CPGID 928 is referenced to the (unavailable) 1992-11 version, although at least one ICU mapping containing it does exist, but outside of the main source tree. It seems to have been a superset of the encoding described by Mark Leisher's SHIFTGB.TXT, which was "Generated from an algorithm provided with some older Chinese packages." in March 1998.

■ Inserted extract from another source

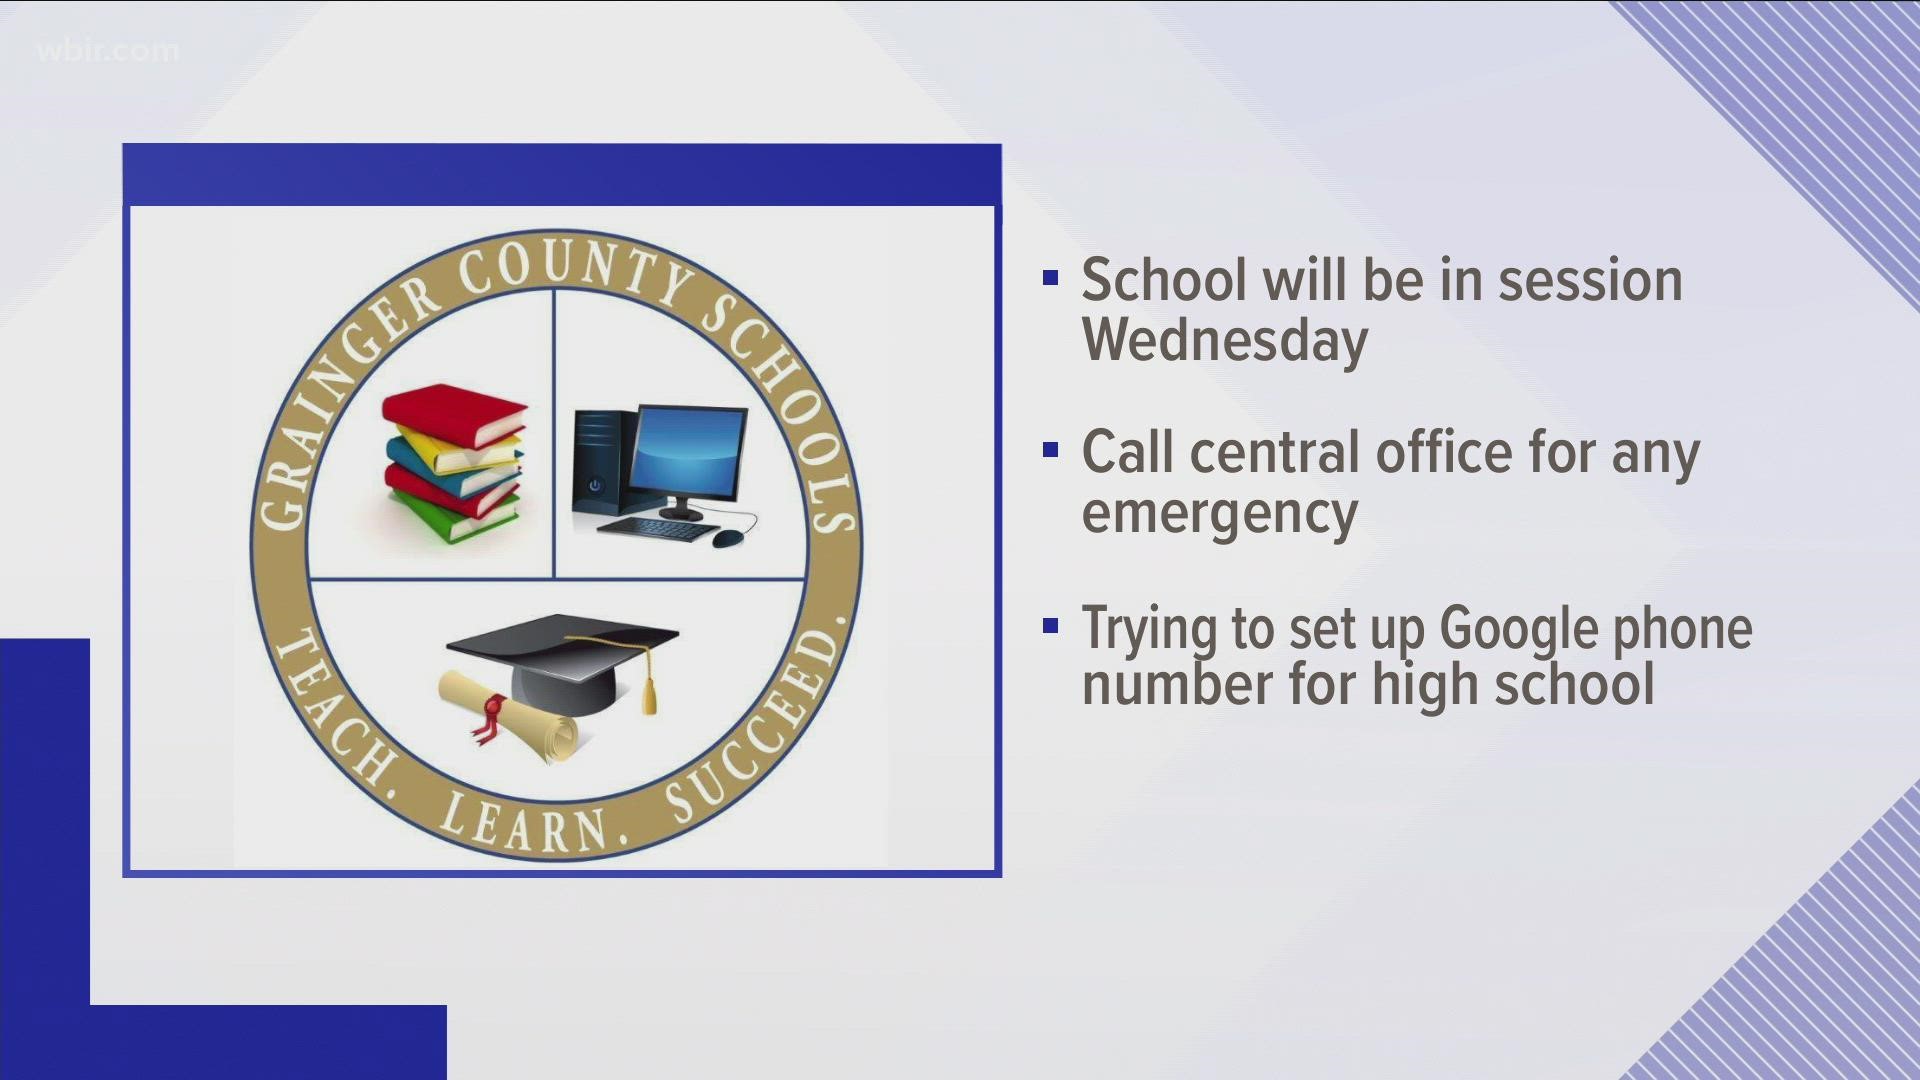 School will be in session Wednesday for Grainger County High School, but the school's phone system will be down.

Furthermore, the charts for CPGID 837 are split between C-H 3-3220-130 and C-H 3-3220-020, with C-H 3-3220-130 charting CPGID 837 as of 1993, and any additions being charted (or in some cases merely described) in C-H 3-3220-020. In AFP contexts, the subset of CPGID 837 defined by this specification alone (possibly with the addition of the Euro sign at 0x45EB) is assigned the private-use CPGID 65284.

C-H 3-3220-130 1993-11

Reconstructed machine-readable definitions and/or other relevant files

C-H 3-3220-131: IBM Traditional Chinese Graphic Character Set for IBM BIG-5 Code

Planes defined
CPGID 947
Repertoires defined
GCSGID 935, GCSGID 1030, GCSGID 1075, GCSGID 1076, GCSGID 1077, GCSGID 1077 (common subset)

C-H 3-3220-131 1999-04

Reconstructed machine-readable definitions and/or other relevant files

C-H 3-3220-132: IBM Simplified Chinese Graphic Character Set for Extended UNIX Code (EUC)

Planes defined
CPGID 1382
Repertoires defined
GCSGID 1080, GCSGID 1081

C-H 3-3220-132 1994-06

Reconstructed machine-readable definitions and/or other relevant files

C-H 3-3220-133: IBM Japanese Graphic Character Set, Kanji, for Open Environment

Planes defined
CPGID 941, CPGID 1351
Repertoires defined
GCSGID 370, GCSGID 1000, GCSGID 1061, GCSGID 1066

C-H 3-3220-133 1996-08

Reconstructed machine-readable definitions and/or other relevant files

Other DBCS code pages

Planes defined
CPGID 955, CPGID 963, CPGID 1372, CPGID 1374, CPGID 1376, CPGID 1393
Repertoires defined
GCSGID 1020 (Euro), GCSGID 1021 (AFP), GCSGID 1063, GCSGID 1064, GCSGID 2110, GCSGID 2111, GCSGID 2112, GCSGID 2113, GCSGID 2114, GCSGID 2115

CPGIDs 1372, 1374, 1376 are Traditional Chinese (Big5 Microsoft, Big5 HKSCS, EBCDIC HKSCS); specification documents are not publicly available for these, which isn't an issue for the well-documented Big5 planes. The layout of the EBCDIC HKSCS plane is known since the ICU project has, outside of the main source tree, mappings for CCSID 9569 ("IBM-1377 2006 version") and CCSID 13665 ("IBM-1377 2008 version"). GCSGIDs 2110 through 2115 are associated with HKSCS.

CPGID 955 (with GCSGID 1063), GCSGID 1064, and CPGID 1393 are Japanese. CPGID 963 is supplemental for Traditional Chinese. GCSGIDs 1020-ALT and 1021-ALT are used in AFP Simplified Chinese contexts.